По традиции, идущей с незапамятных времен, девушки были одеты в белое, эшевены — в черное, монахи-францисканцы были в серых рясах, священники — в самых богатых своих облачениях; солдаты и офицеры гарнизона в новых мундирах заняли свои посты и готовы были выступить, как только объявят о прибытии принцессы.
Выехавший накануне дофин прибыл в Компьень инкогнито часов около одиннадцати вечера в сопровождении обоих братьев. Рано утром он сел на коня, словно простой смертный, и в сопровождении пятнадцатилетнего графа Прованского и тринадцатилетнего графа д’Артуа поскакал галопом в направлении Рибекура навстречу ее высочеству.
Эта учтивость пришла в голову не юному принцу, а его наставнику, г-ну Ла Вогийону. Его призвал к себе накануне Людовик XV и дал указание объяснить дофину обязанности, налагаемые на него событиями, которые должны были произойти в течение ближайших суток.
Чтобы поддержать честь монархии, де Ла Вогийон предложил герцогу Беррийскому последовать примеру королей его рода: Генриха IV, Людовика XIII, Людовика XIV, Людовика XV — каждому из них в свое время хотелось увидеть свою будущую супругу еще до церемонии, во время путешествия в меньшей степени готовую выдержать придирчивый осмотр.

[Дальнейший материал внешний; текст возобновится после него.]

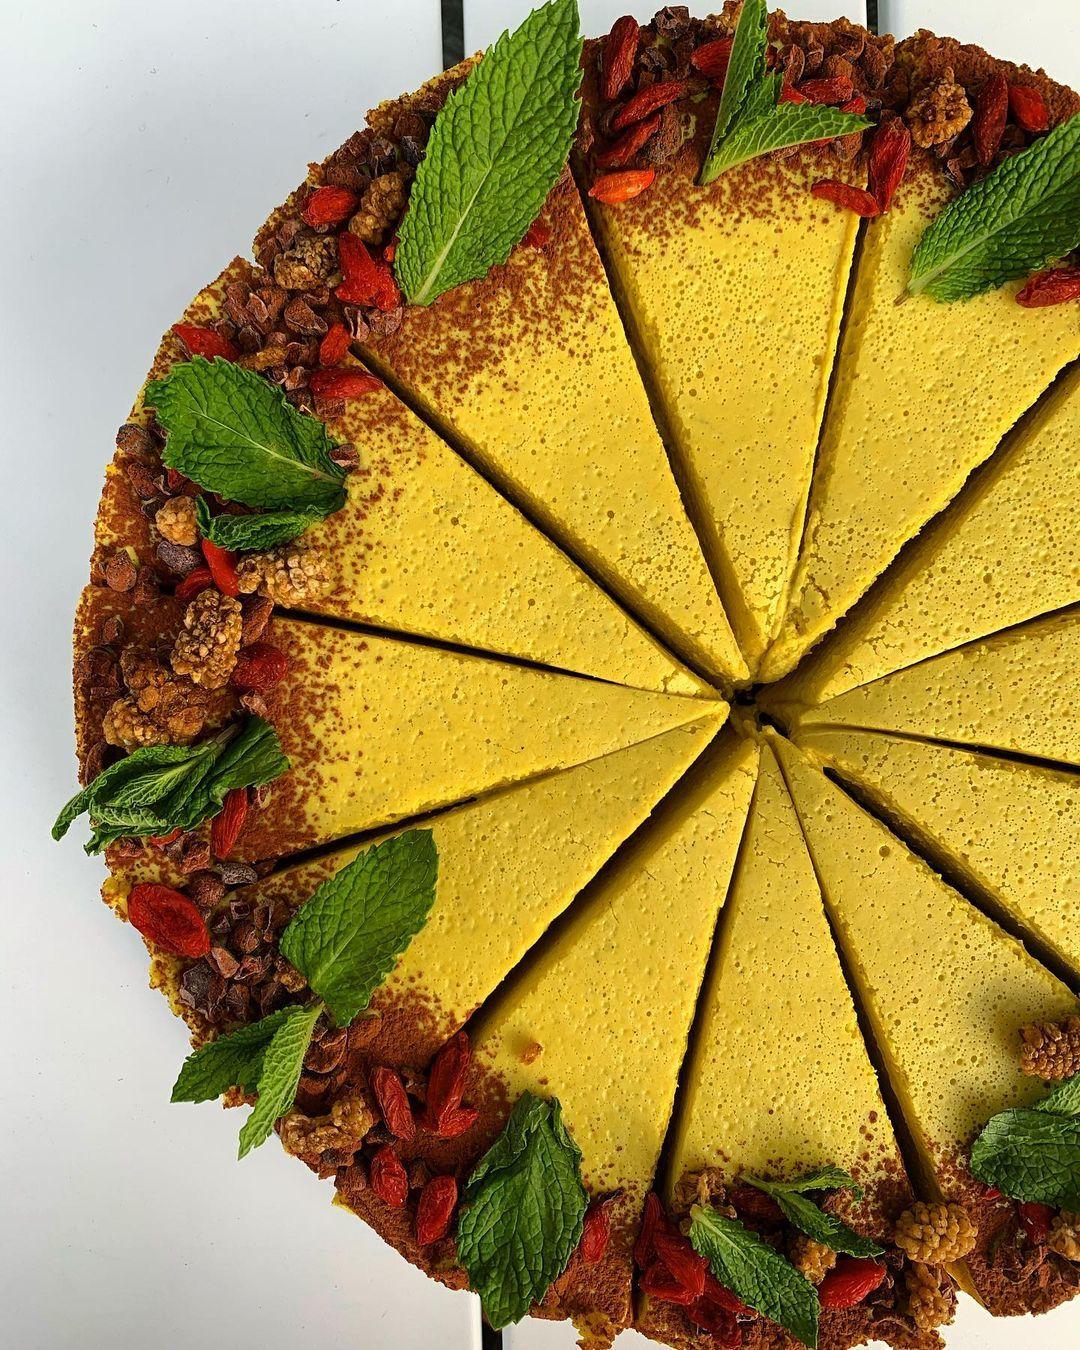 vegan-cheesecake-elements-real-food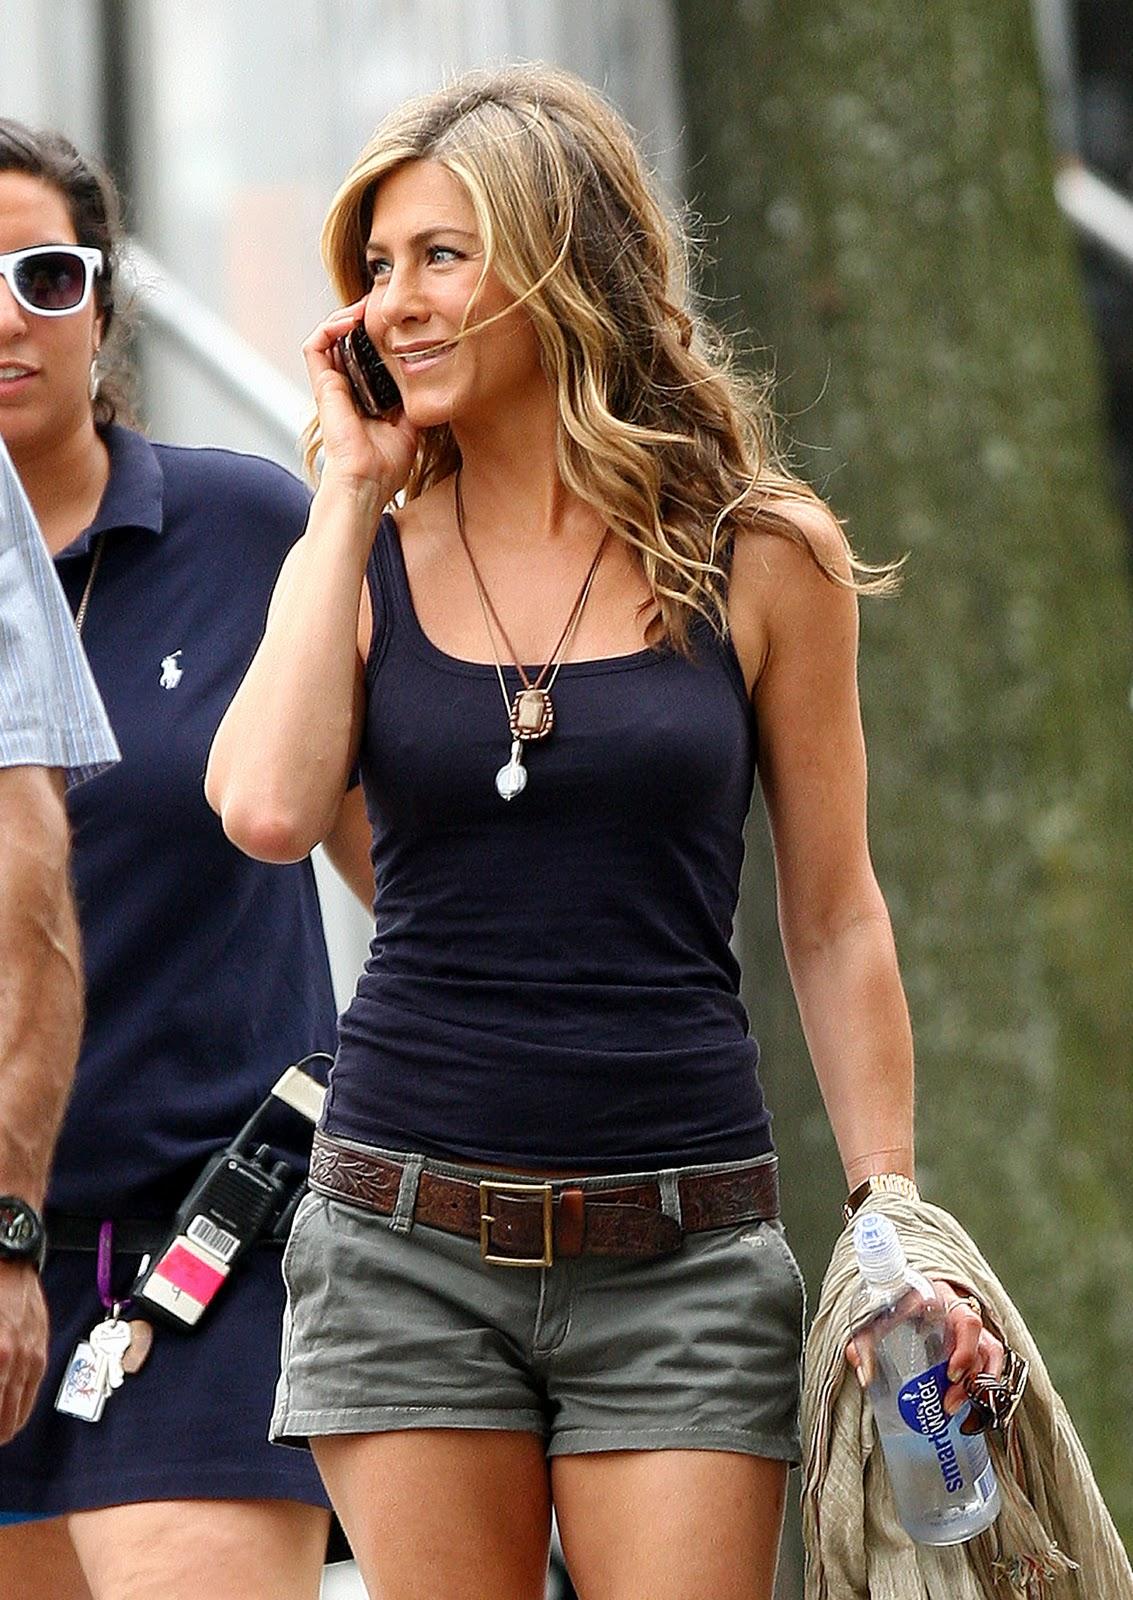 http://1.bp.blogspot.com/-ez6iq5W68Z4/Trly51W83KI/AAAAAAAAAJk/j9EDVMeBBiw/s1600/jennifer-aniston-green-shorts.jpg

На своих быстрых скакунах они проехали три или четыре льё за полчаса. Перед отъездом дофин был серьезен, а его братья веселились. В половине девятого они уже возвращались в город: дофин был все так же серьезен, граф Прованский — угрюм, только граф д’Артуа казался еще веселее, чем утром.
Дело в том, что герцог Беррийский волновался, граф Прованский изнывал от ревности, а граф д’Артуа был восхищен. Причина была одна: они убедились, что принцесса очень красива.
Серьезный, завистливый и беззаботный — вот как можно было определить трех принцев. Это отражалось на их лицах.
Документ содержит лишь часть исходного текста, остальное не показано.